Today I'm getting personal up in here as you can see by the title of this post, haha! My journey with God has been something I've always cherished but, just as every human out there, it's had ups and downs. Here's a little background for you. I got baptized when I was 11 or 12 years old after I went through confirmation, which is a long study with a mentor where you learn about the bible, Jesus, and your faith in general. I loved my mentor and wouldn't have asked for anyone else to lead me on this journey. As I went through high school I stayed extremely close to God and felt like I had a really strong faith. My family and I went to church on Sundays and then again on Wednesdays. I helped with Vacation Bible School in the summers, and I was also in our church youth band so I was probably at the church practicing for that one night a week too. God and church were my life and I felt very close in my relationship with him.
When college started I was obviously stripped of my normal routine at home and had to find a new one. I went to school at a Christian college in Abilene, Texas where we had to take bible classes and go to chapel once a week and even though I was surrounded by opportunities to grow in my faith, for some reason or another, I didn't. I was distracted by schoolwork, making friends, and I was also running cross country for a while too so I had a full plate and pushed my relationship with God to the back burner. I never found a church in Abilene where I felt at home at but to be honest I didn't try as hard as I should've. Towards the end of the first semester of college I started dating (my now husband) Blake and that relationship quickly became my first priority, as big love often does.
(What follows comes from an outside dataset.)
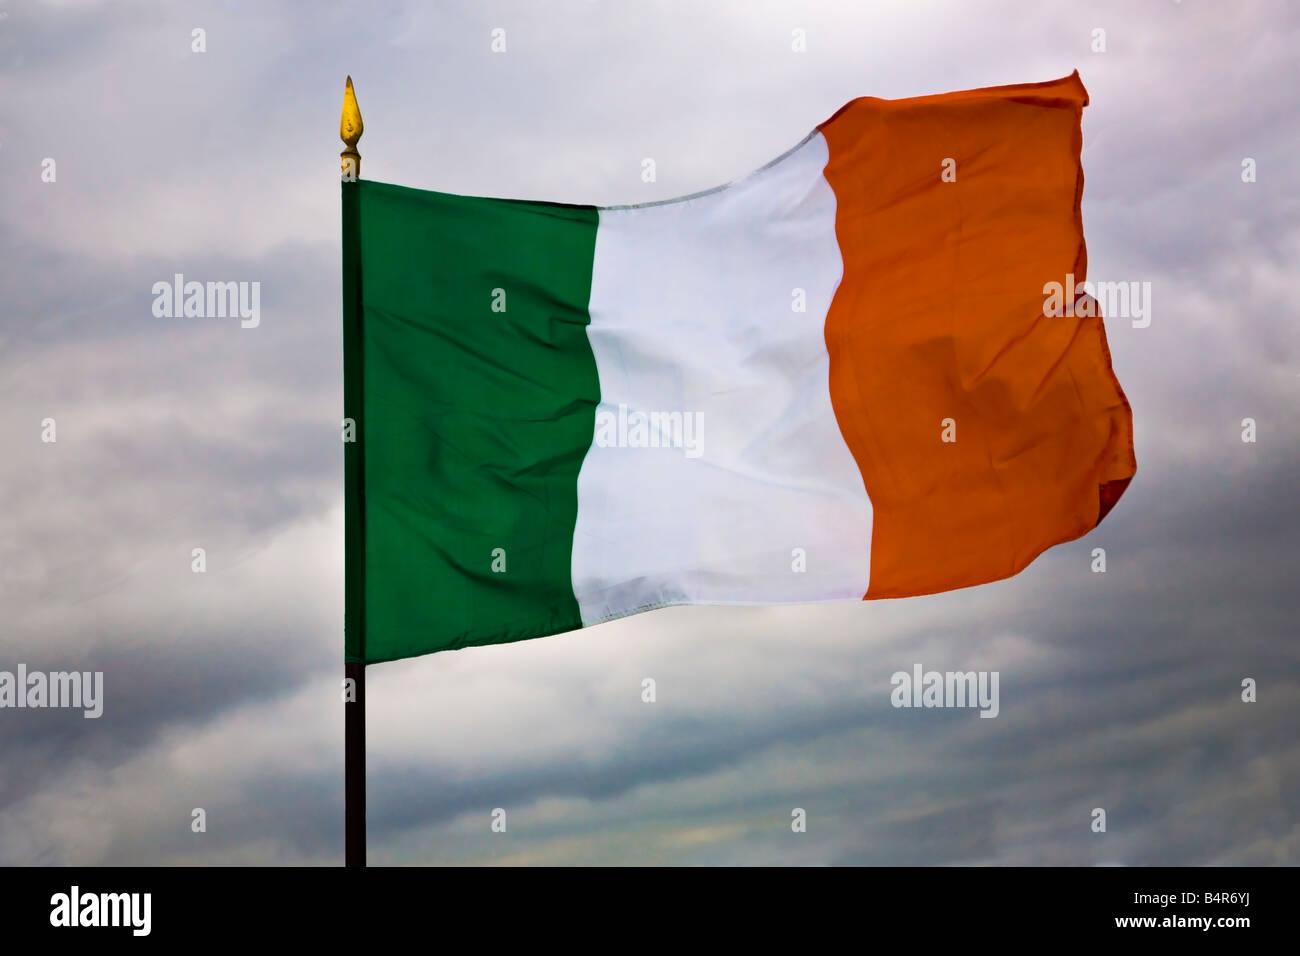 irish flag tricolour green white and orange stock photo royalty
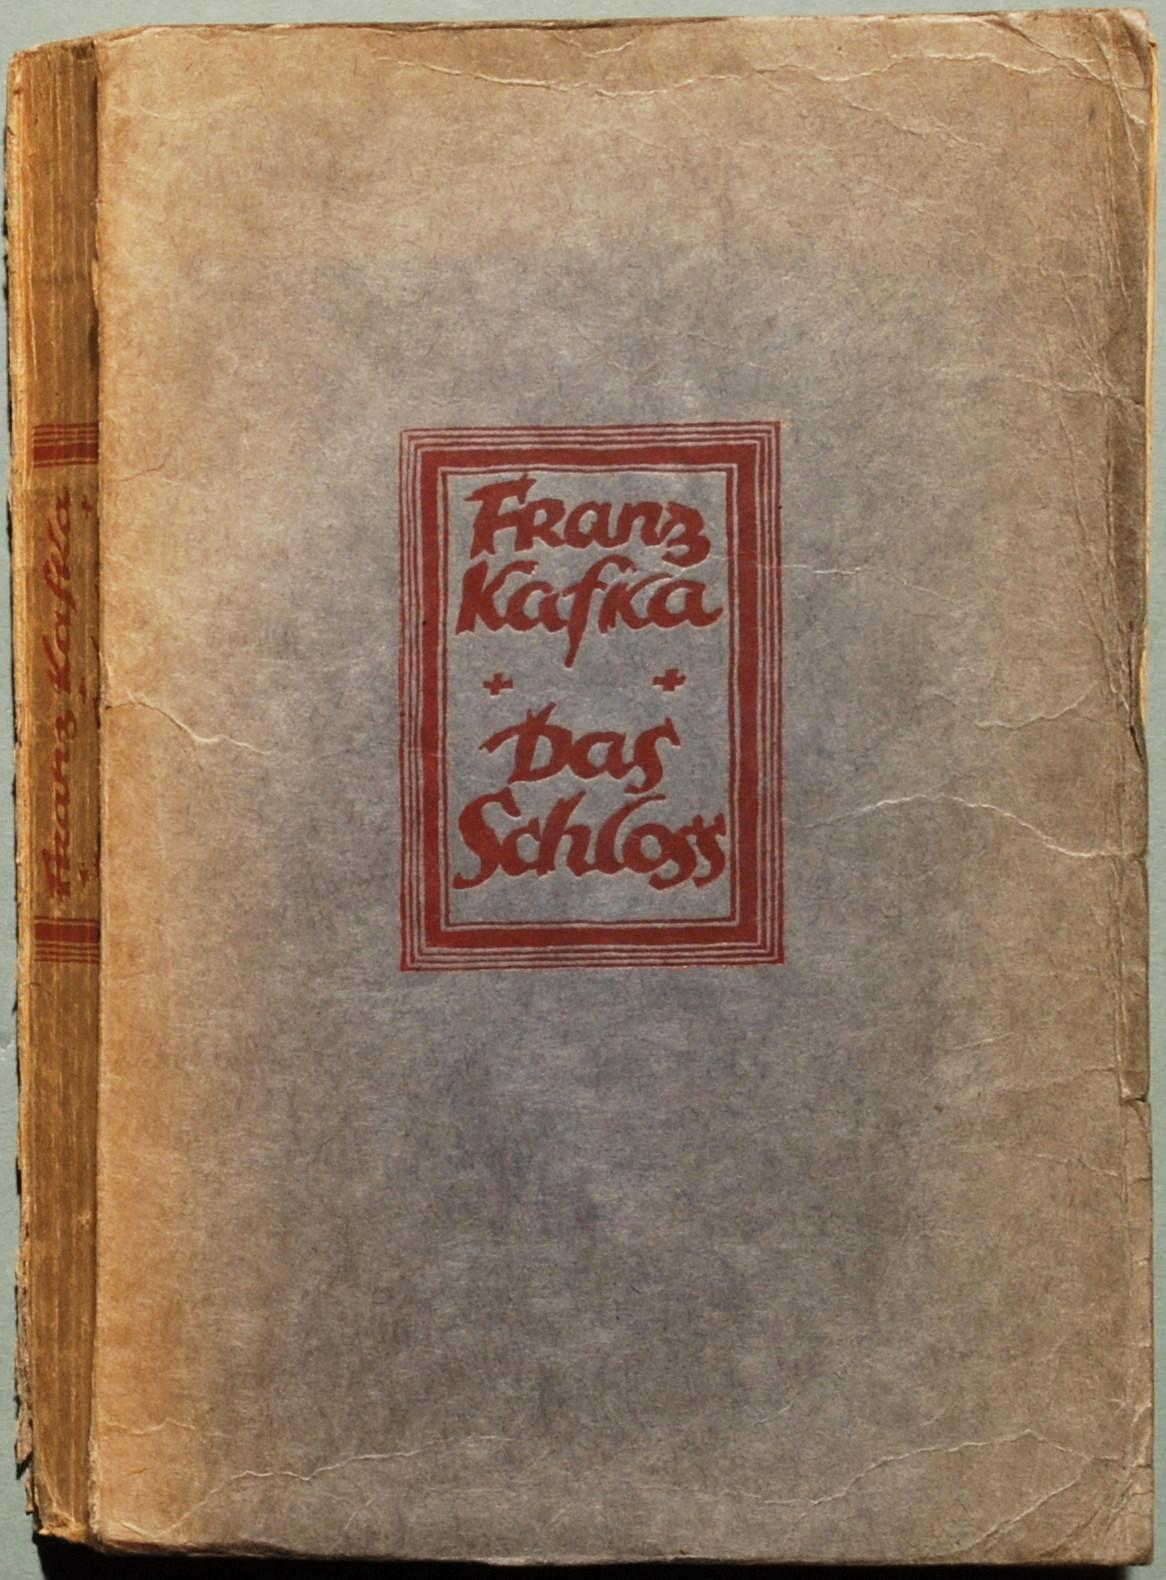 Первое издание романа (1926)

Life continued to happen and after a year of being in Abilene I transferred to Texas State in San Marcos and started another new routine/life from scratch. I went with no friends and roomed with random people in a college housing community. I loved Texas State but if you're familiar with it then you know it's consistently referred to as a party school so you didn't go around seeing a lot of Christian events like there were at Abilene Christian haha. It was an entirely different world. I continued to have a strong faith in God but it wasn't my first priority. I had a job waiting tables and I was going to school full time. I was also taking every other weekend to visit Blake who was still in Abilene. I never felt like I abandoned my strong morals (that have a lot to do with my faith) or anything like that. It was more like I was lazy and didn't put the effort to grow my faith. I knew I was a Christian and I knew I was being a "good" person so I didn't think too much about going to church or trying to grow my relationship with God.
After college my life was a whirlwind, as many of you know. Getting engaged, moving twice, getting married, going through multiple different careers, and now becoming a working mom is the short list of things that have happened in my life. All the while I have remained close to God, as I see him in little blessings each day. My problem is the same as everyone else's. Time. Where do you find the time to sit and have quiet time with God? With an almost 2 year old, and a husband, job, and the blog, I sometimes question if there is ever such a thing as quiet time, or enough time for that matter. Blake and I still both know that God is first, and he guides us through life, but I wouldn't be telling the truth if I said that I always set aside the time that God deserves. Luckily I think I have found a great place to start.
I recently got the chance to receive a box from Faithbox which is a monthly subscription service that comes with different goodies such as devotionals, journals, books, and fun little ad-ins such as these cute toothbrushes! Is Faithbox the answer to making me feel like I'm doing as much as I should to serve the Lord? I wouldn't say 100%, but I will say that it is a great tool to get started. I feel blessed to have found an opportunity such as this and to work with a great company like Faithbox. I think this sweet little box of goodies is packed full of tools to strengthen my Faith, and it will really give me a boost in getting that quiet time that I know God deserves.
Thanks for stopping by to read today! My hope is that someone can relate to this and maybe you'll be interested in trying out Faithbox too! If you can't try out Faithbox then I encourage you to try to find sometime during your week to sit down and read your bible! I hope y'all have a wonderful weekend!